However, to our knowledge, no one has compared the power of LRT with the power of the correlation test (CT) with respect to design selection and its expected shrinkage. We therefore compared type 1 errors and power in detecting the effect of a continuous covariate using either the LRT or the CT based on EBEs according to various designs, along with various associated shrinkages.

Through an extensive Monte–Carlo simulation of a simple one-compartment PK model, we compared the performances of FOCEI and SAEM algorithms before evaluating the type 1 errors and powers of the tests to detect covariate influences on individual parameters. We also created several scenarios to vary the informativeness of the PK design and therefore the associated shrinkage.

Results

Figure 1 summarizes the different clinical trial simulations performed.

Figure 1.

Global scheme of the clinical trial simulations. CL, clearance; CT, correlation test; FOCEI, first-order conditional estimation with interaction; LRT, likelihood ratio test; SAEM, stochastic approximation expectation maximization; V, volume; WT, weight.

Algorithm performance

Figure 2 presents, for each scenario and each design with N = 500, the boxplots of relative errors on parameters estimated using either FOCEI or SAEM with NONMEM 7.2. SAEM always provided more accurate estimates than FOCEI, except for ω_ka in scenario 2. Estimates with the FOCEI algorithm were often slightly biased, mainly for volume (V), clearance (CL), ω_V, and ω_CL, and for residual error parameters. Bias was more marked for designs D2 and D3. Median values of relative errors using SAEM were less influenced by the design and were always close to 0%.

Figure 2.

Boxplot of relative error (RE; %) on estimated fixed effects (top) without covariate effect, random effects (middle), and residual error parameters (bottom) according to scenario 1 or 2, the design, and the estimation algorithms. Boxplots represent the median, quartiles, and 5–95% percentiles. Colors stand for the design and the scenario. For the same color, the dark areas represent the first-order conditional estimation with interaction algorithm and the pale areas denote the stochastic approximation expectation maximization algorithm.
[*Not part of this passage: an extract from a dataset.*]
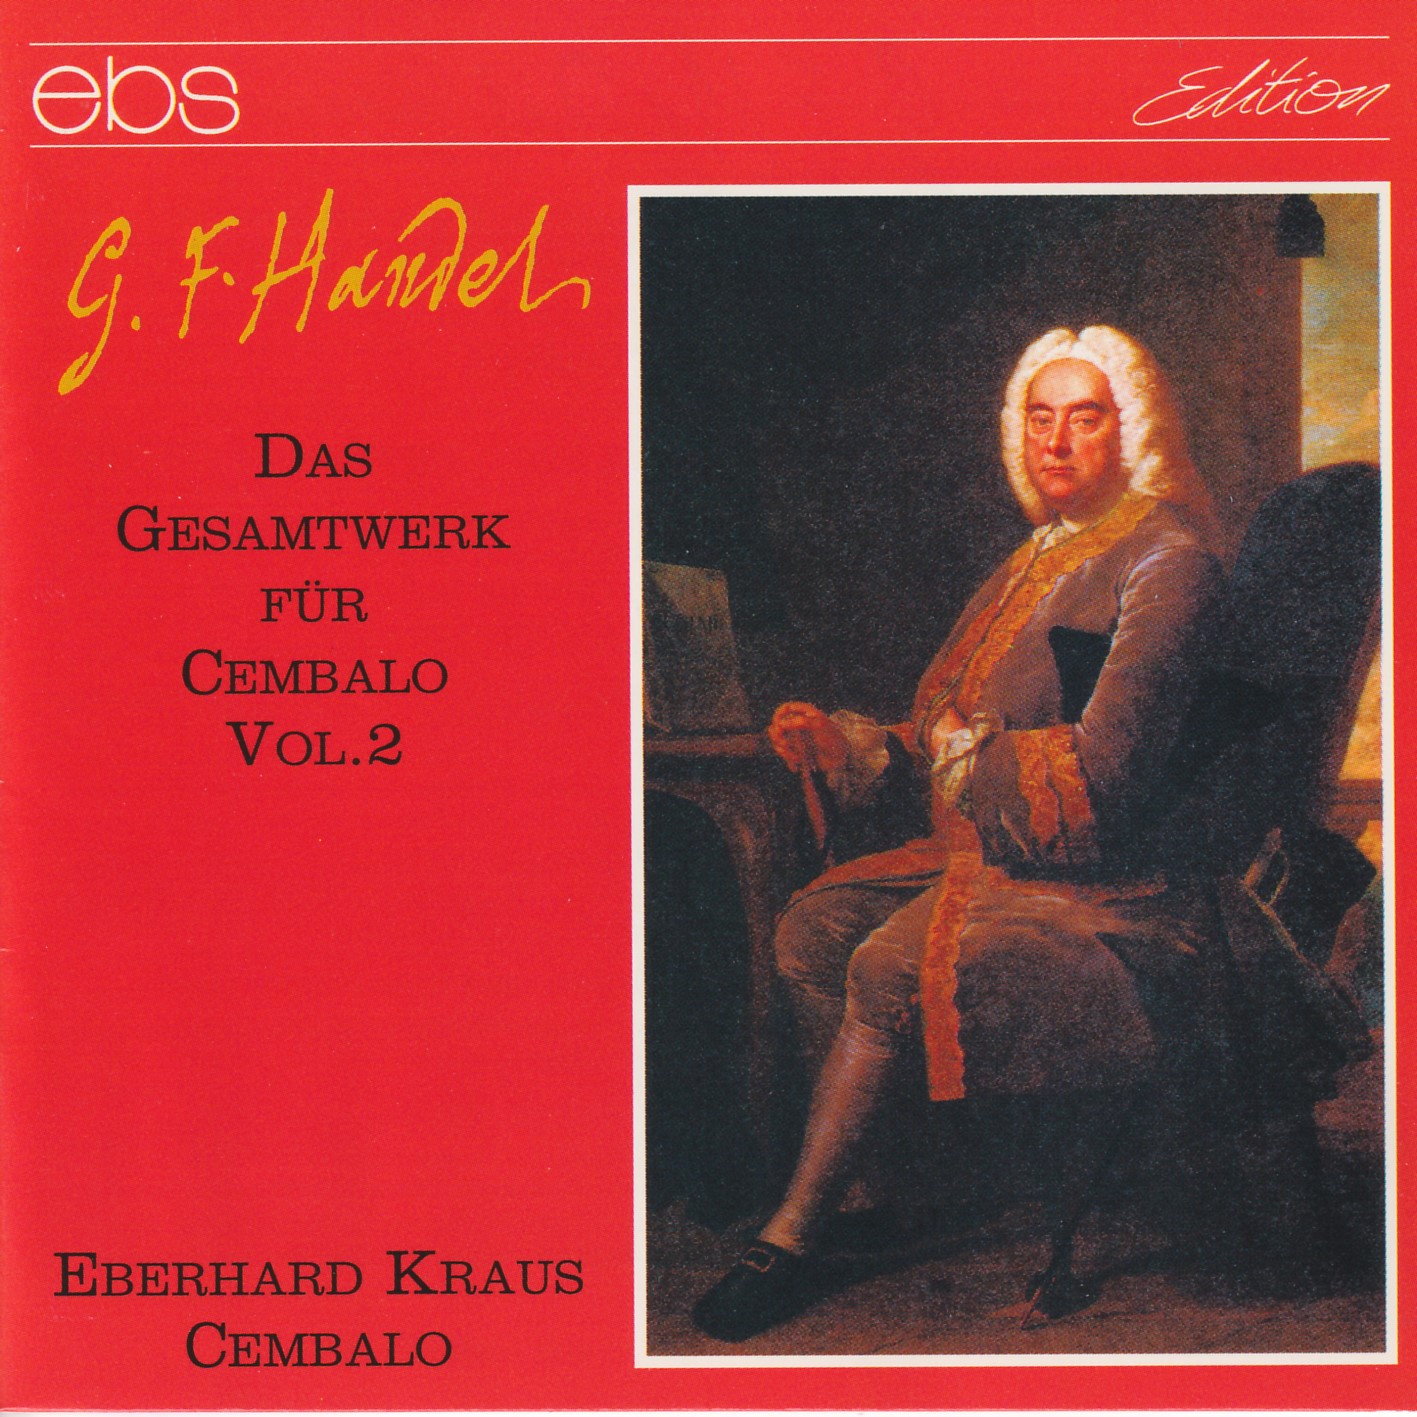 Georg Friedrich Händel - Das Cembalowerk Vol.2

Sc., scenario.

Considering that SAEM gave more accurate estimates than FOCEI, only SAEM power estimates are presented below. FOCEI power estimates are available in the Supplementary Materials online.

Prediction of shrinkage

Figure 3 shows predicted shrinkage vs. boxplots of observed shrinkage on V (left) and CL (right) for each design and each scenario without covariate effect. The simulated scenarios generated predicted shrinkage values that increased from D5 to D2. Confirming previous results,⁹ M_BF gave a good prediction of observed shrinkage. The boxplots were closely centered on the identity line, with small deviations for low shrinkages, for which there was a trend to predict lower shrinkages (but by less than or around 10% from median values of observed shrinkage).

Figure 3.

Predicted shrinkage (%) value vs. boxplot of observed shrinkage (%) with the stochastic approximation expectation maximization algorithm for the 1,000 replicates without covariate effect, for parameters volume (V) and clearance (CL), each design, and scenarios 1 or 2. Colors stand for the design and the scenario. Sc., scenario.

Evaluation of tests

Figure 4 presents the boxplot of the error on β estimates for each scenario, design, and covariate effect. The covariate effect was always correctly estimated. When comparing the effect of the total number of subjects, the boxplots clearly show an increase in the SD of estimates with decrease in number of subjects.

Figure 4.

Boxplot of error on the estimated β value with the stochastic approximation expectation maximization algorithm and for a covariate effect on volume (V), according to scenarios 1 or 2, the design, the simulated covariate effect value, and the number of subjects. Boxplots represent the median, quartiles, and 5–95% percentiles. Colors stand for the design and the scenario. For D5, pale and dark areas are used, respectively, for designs with 500 and 200 subjects. Sc., scenario.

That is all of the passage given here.